Cette diversification des pôles associés se poursuit dans des perspectives allant d’une combinaison à la fois géographique et documentaire en vue d’aboutir à un meilleur maillage du territoire, à des pôles associés audiovisuels ou encore vers une coopération dans le domaine de la numérisation, celle des publications des société savantes, par exemple, mine de renseignements pour la connaissance du XIXe au milieu du XXe siècle, et dont la BnF ne possède que 60 à 70 % des documents.
La numérisation
La numérisation fut d’ailleurs le thème central des ateliers de réflexion de l’après-midi, faisant suite à la problématique ouverte par Véronique Chatenay-Dolto, adjoint au Directeur du livre et de la lecture. Les avancées technologiques offertes par la numérisation sont incontestables. Même si l’on ne peut pas la considérer comme un procédé de conservation, elle réduit la consultation des documents fragiles, qui sont ainsi épargnés. La numérisation offre, de plus, une grande capacité de stockage, et elle permet la recherche et l’intervention sur les documents. Enfin, et ce n’est pas le moindre de ses avantages, elle démultiplie l’accès aux documents, en particulier l’accès à distance.
Cela ne va pas sans poser des difficultés. La numérisation nécessite en effet des langages de description normalisés, dont l’adoption doit s’inscrire dans un cadre européen et mondial. Les documents numérisés ne devraient pas s’adresser à la seule recherche mais atteindre aussi le grand public.

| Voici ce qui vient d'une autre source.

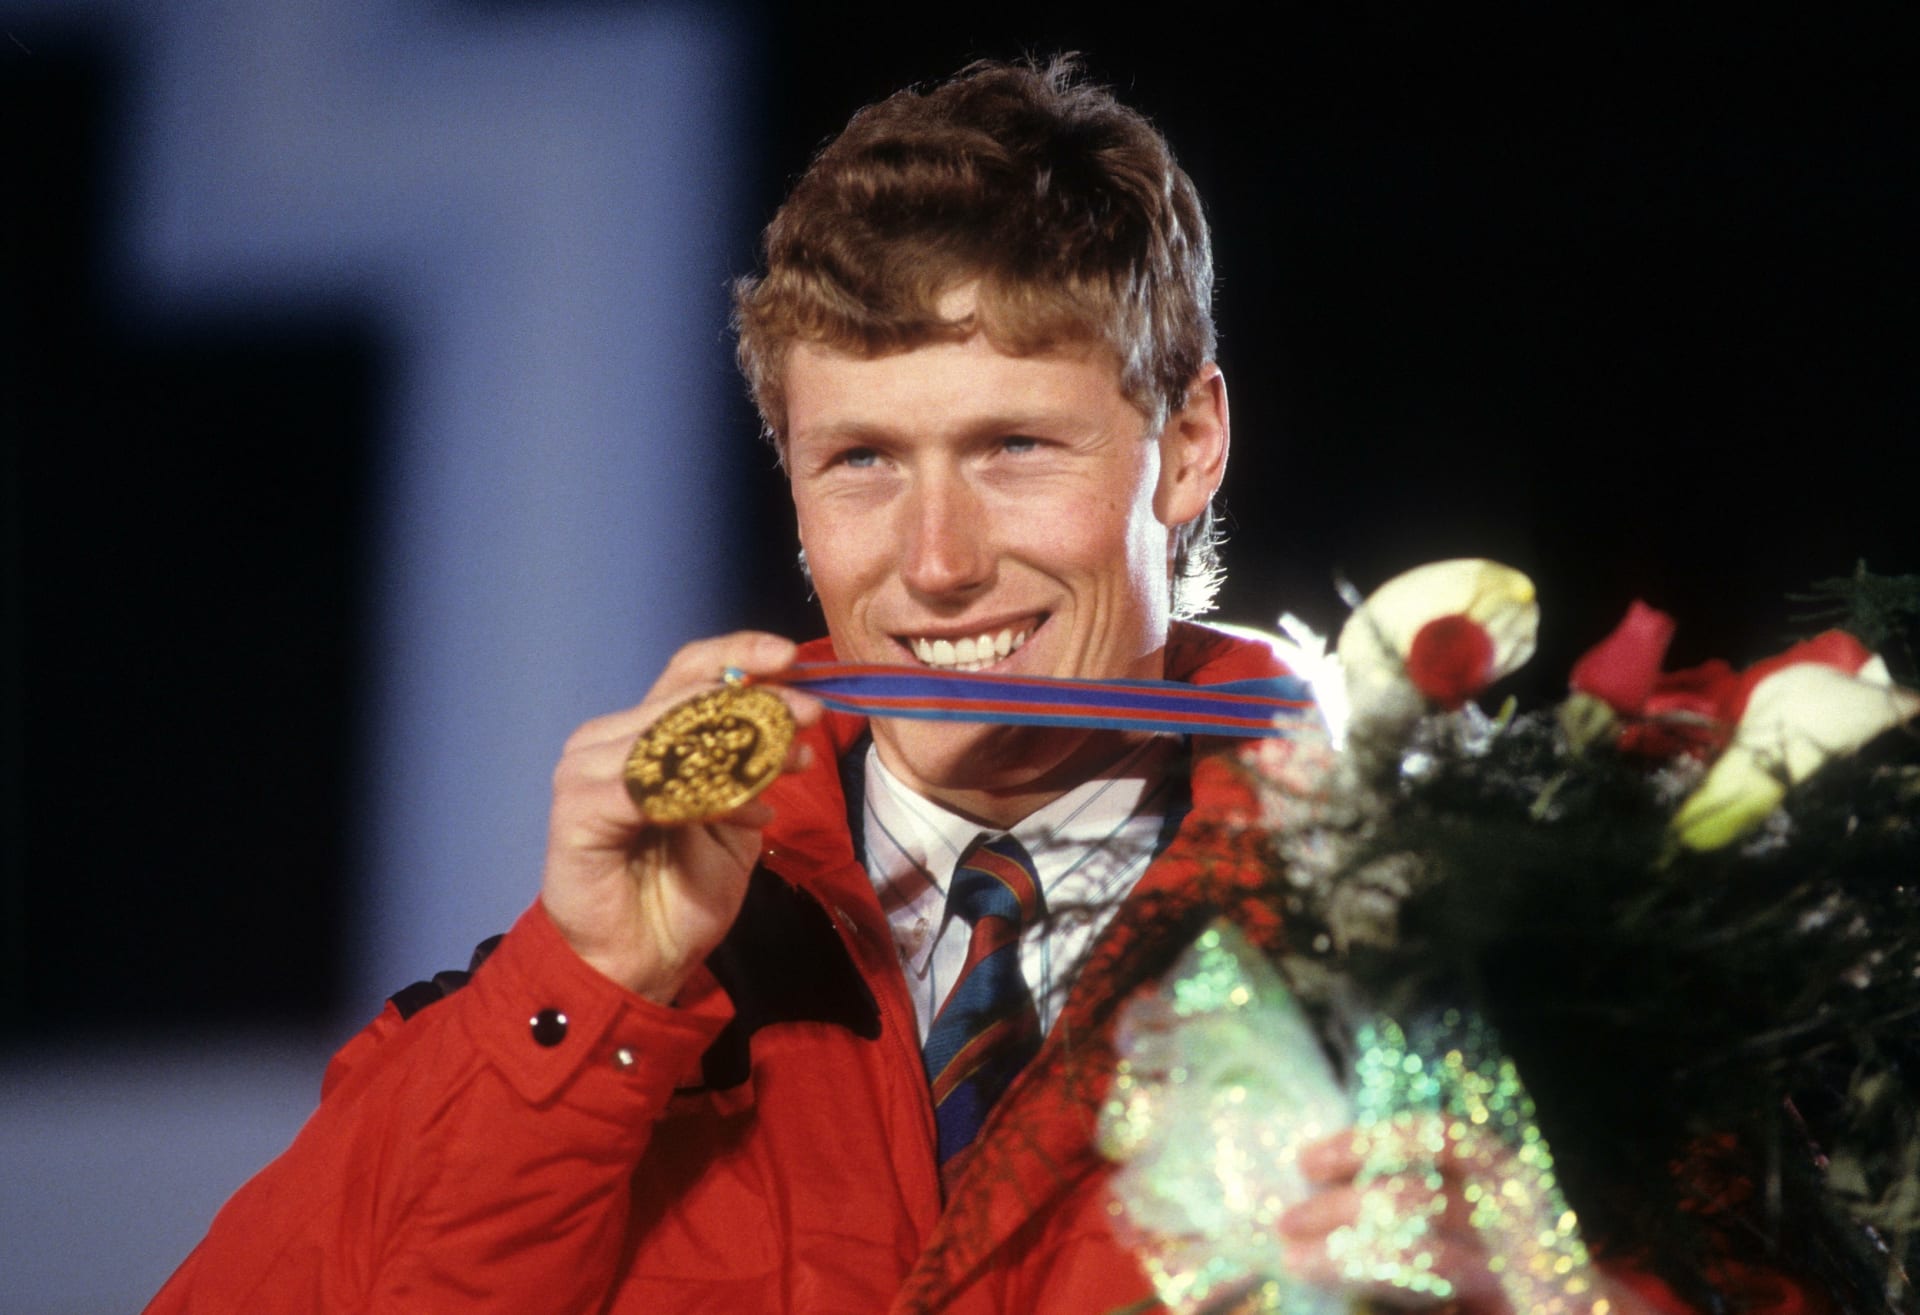 Pirmin Zurbriggen převzal zlatou medaili v Calgary za vítězství ve sjezdu.

Le dernier point abordé par Véronique Chatenay-Dolto concerna les solutions juridiques à prévoir. Celles-ci devront tenir compte du légitime souci de rendre ces documents accessibles au plus grand nombre tout en respectant les ayants droit. Ce qui fait préférer, dans un premier temps, la numérisation des œuvres libres de droit.
Intérêt et contraintes
Dans l’atelier intitulé « La numérisation : intérêt et contraintes », il fut vite évident que la numérisation de documents n’était pas une chose que l’on entreprenait à la légère. Les choix techniques sont importants. Il faut, en effet : choisir entre une numérisation en mode texte ou en mode image, entre une sous-traitance ou un travail en interne ; veiller à la qualité du document de départ, car elle influe sur la qualité de lecture ; prévoir des chemins d’accès rapides et clairs ; savoir que les images prennent énormément de place, même si on a recours à la compression ; utiliser des formats normalisés pour les rendre utilisables, sinon à quoi bon les avantages de la numérisation qui sont d’être accessibles au plus grand nombre ; identifier et décrire les documents numérisés, car ce sont les seuls moyens de les retrouver ; surveiller en permanence la conservation des données, car la pérennité des supports n’est pas établie… Tous ces choix et traitements pèsent lourd sur le plan financier.
Les autres ateliers se sont penchés sur les projets en cours de numérisation de documents spécialisés, sur l’harmonisation nationale des collections virtuelles et sur l’audiovisuel et la numérisation. Les principaux points évoqués portaient sur les critères de choix des documents à numériser, les questions juridiques soulevées par la numérisation, la nécessité de cadrer les initiatives et la place à occuper au niveau européen et international.
Une volonté politique forte en ce domaine, espérée par certains, fut assurée par Catherine Trautmann, ministre de la Culture et de la Communication, qui redit la volonté de l’État de soutenir financièrement les programmes de numérisation des communes. Le ministre conclut sur le rôle des bibliothèques dans l’aide à la familiarisation du plus grand nombre aux nouvelles formes d’accès au savoir.
Cette journée d’étude a été la preuve, si besoin était, que les idées ne manquent pas pour structurer le paysage documentaire français et une nouvelle rencontre, l’an prochain, s’est déjà profilée 2.